Hast thou a History which does present                           75
A Court, where all Affections doe assent
Vnto the Kings, and that the Kings are just?
And where it is no leuity to trust
Where there is no Ambition but to obay
Where men neede whisper Nothing, and yet may    80
Where the Kings favours are so plac’d, that all
Find that the King therein is liberal
To them in him, because his favours bend
To Vertue unto which they all pretend?

As a reader of Renaissance poetry it seems to me that the pointing here is too light, that one needs a comma after “trust” (line 78), after “to obey” (79), and that the sense absolutely demands a stronger point, such as a semi-colon, after “and yet may” (80). The copy-text here is H6, but consulting the collations one finds that other seventeenth-century scribes disagreed: after “trust” ten scribes added a question-mark, three added a full stop, two added a semi-colon, and one added a comma. After “to obey” (spelt variously), eleven scribes added a comma, while after “and yet may,” one scribe added both a comma and a full stop; six decided on full stop, four on a comma, and three on a semi-colon. This variety of scribal response must render doubtful any statement that scribes in general punctuated lightly: rather, they seem attentive both to sense-divisions and verse movement. However, the fact that I can call up seventeenth century scribes here to challenge the Variorum editors’ judgment is only possible given the remarkable body of scholarship that this edition contains.

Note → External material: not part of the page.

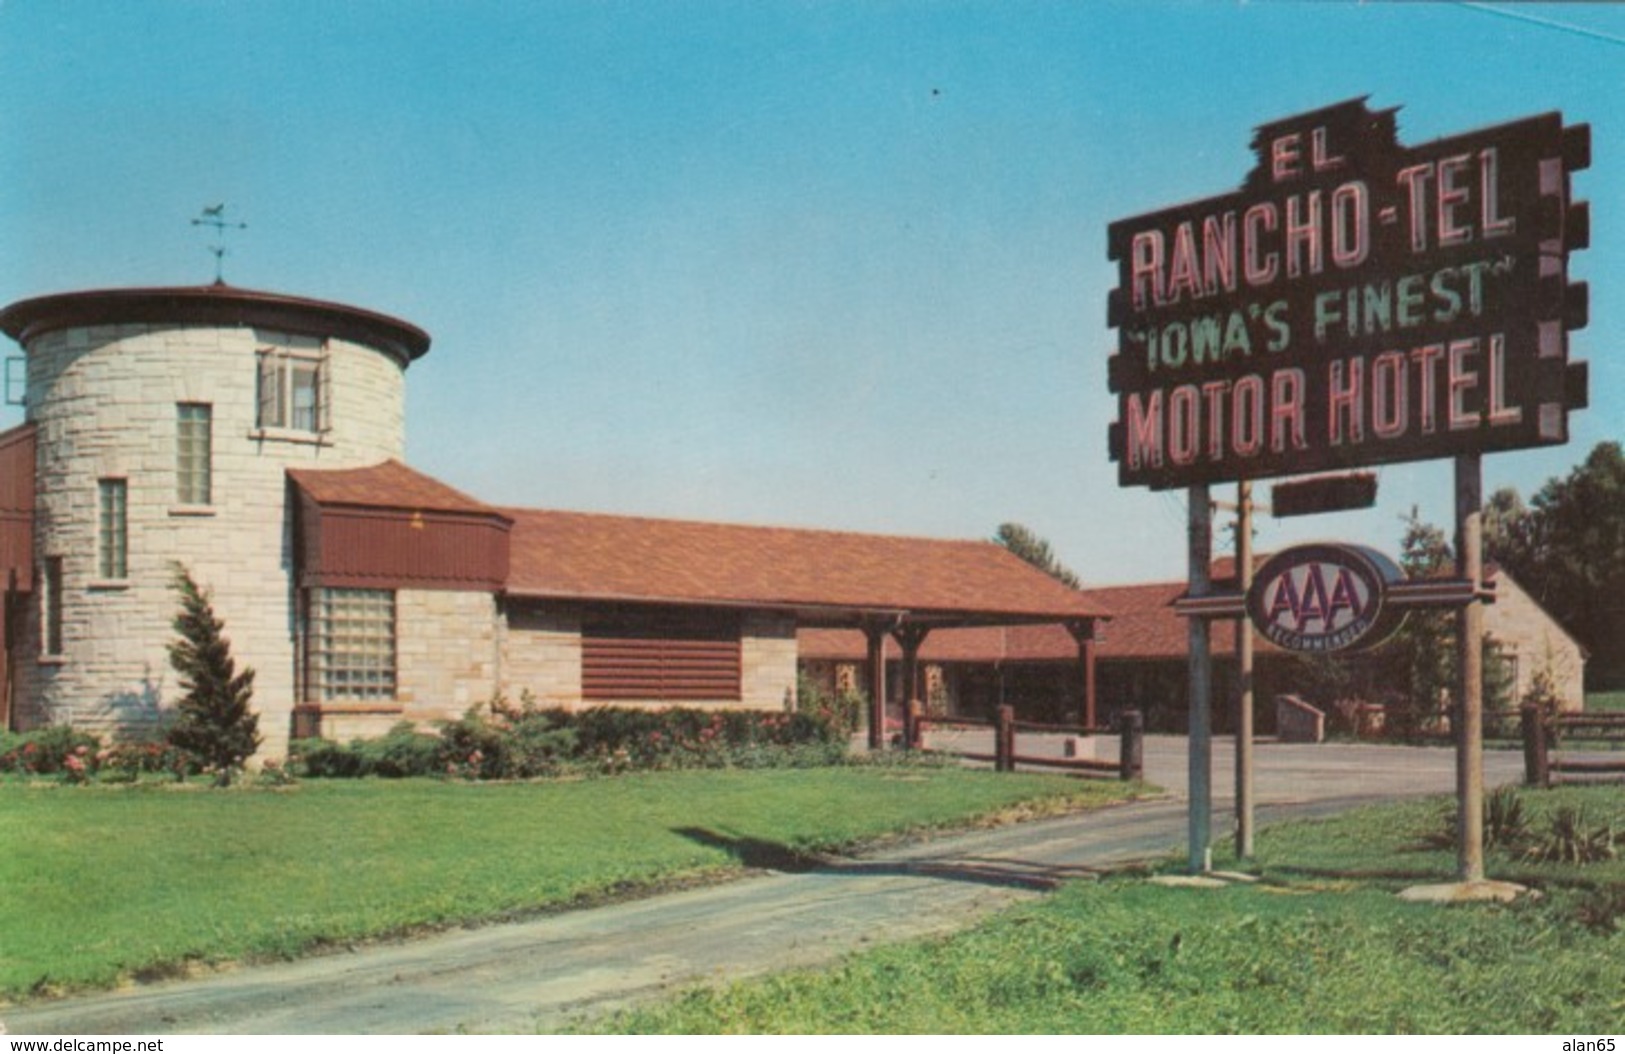 Davenport Iowa, El Rancho-Tel Motor Hotel Motel Loding Across From Duck Creek Golf Course, C1950s/60s Vintage Postcard - Davenport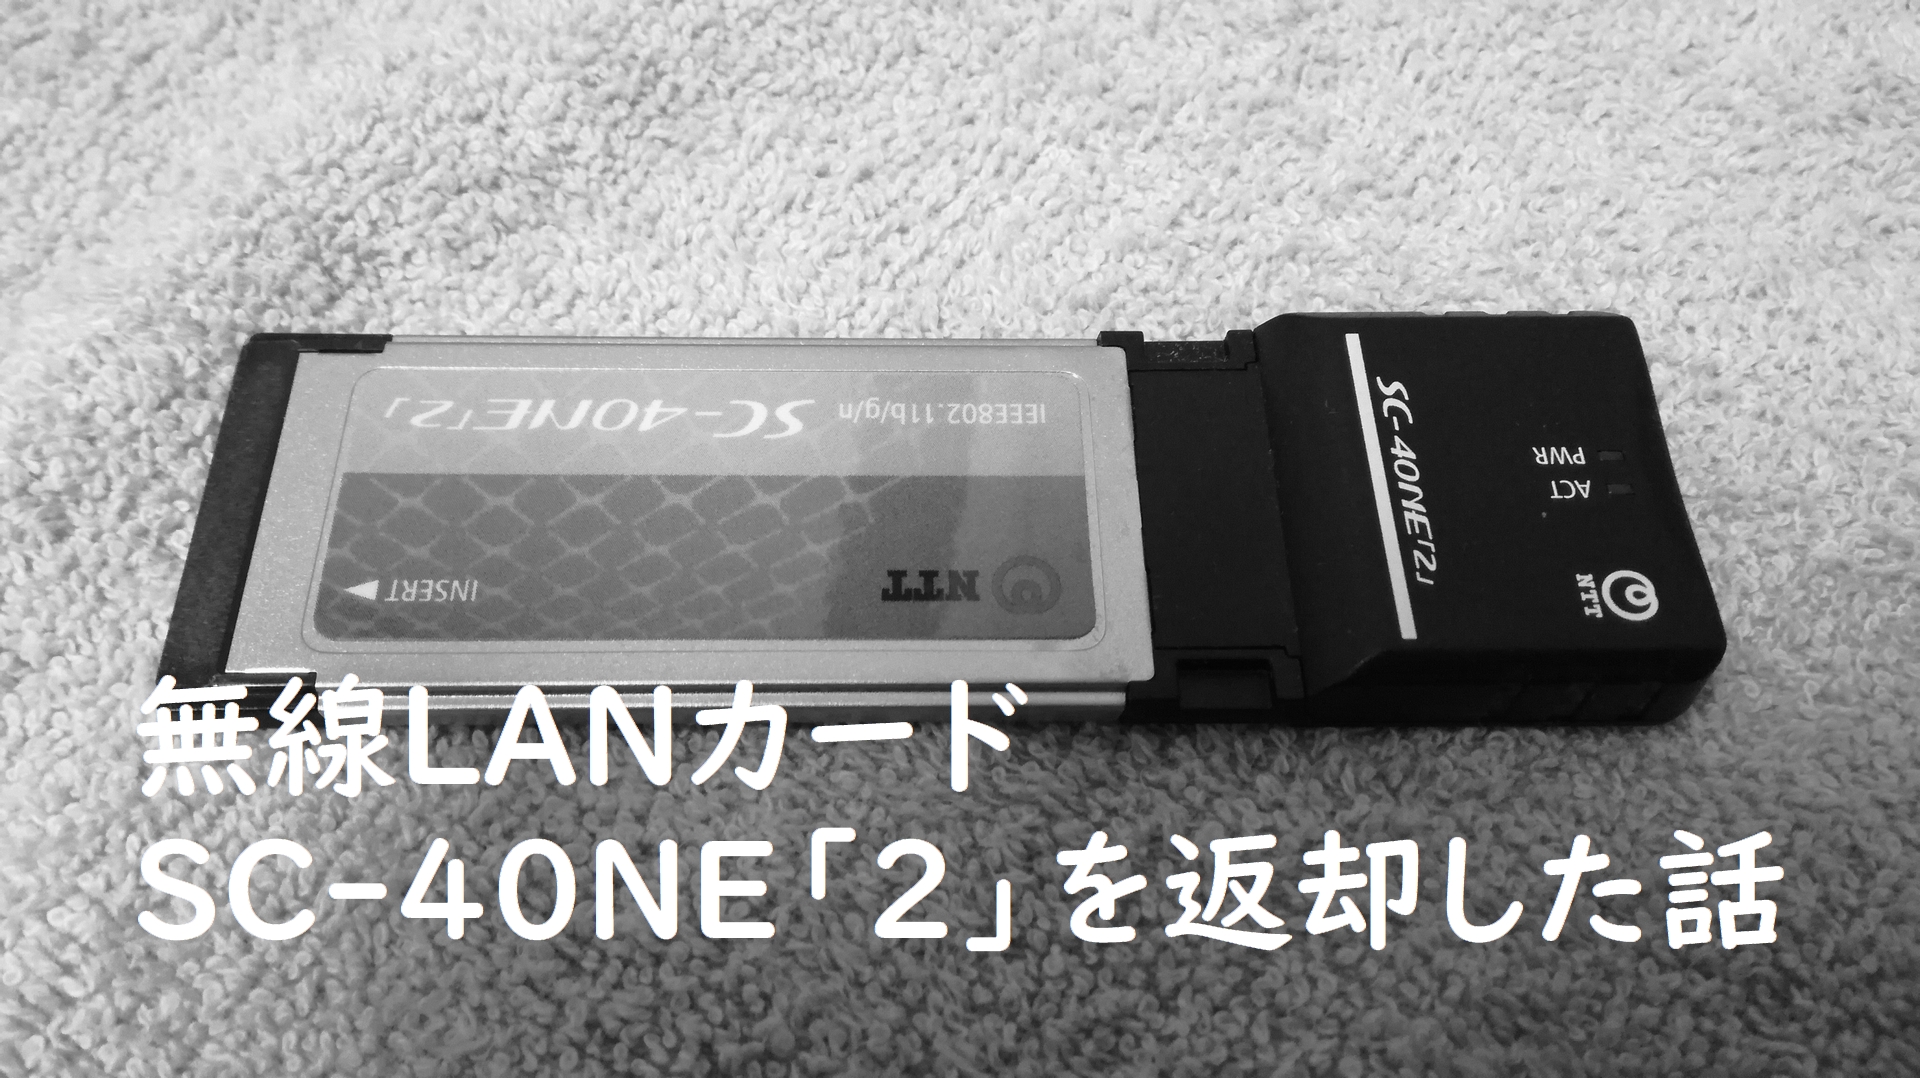 A NTT 東日本 西日本 SC-40NE「2」無線 LANカード - PCパーツ

In general there is little to complain about, and much to commend. The printer spells “homogenous” in the text (pp. 111, 146), but “heterogeneous” on the dust jacket; and in the Introductions some word-spacings have dropped out. In the contents pages the publisher has forgotten to include a list of the illustrations given in the text (funeral tombs appear on pp. 174, 179, 180, 192; Donne in his shroud graces p. 205; and a holograph book-dedication is printed on p.206). Given the generous number of these illustrations it is disappointing that the epigram on Richard Hooker, inscribed in the flyleaf of a book now in Harvard University Library, and which is “one of a handful of poetical writings surviving in Donne’s hand” (p. 31), could not have been given in facsimile. But another opportunity may yet occur. [110/111]

In sum, this edition bids fair to revolutionize the editing of Renaissance and early modern poetry. Anyone interested in this field must confront it; every decent library should purchase it. The next volume is eagerly awaited.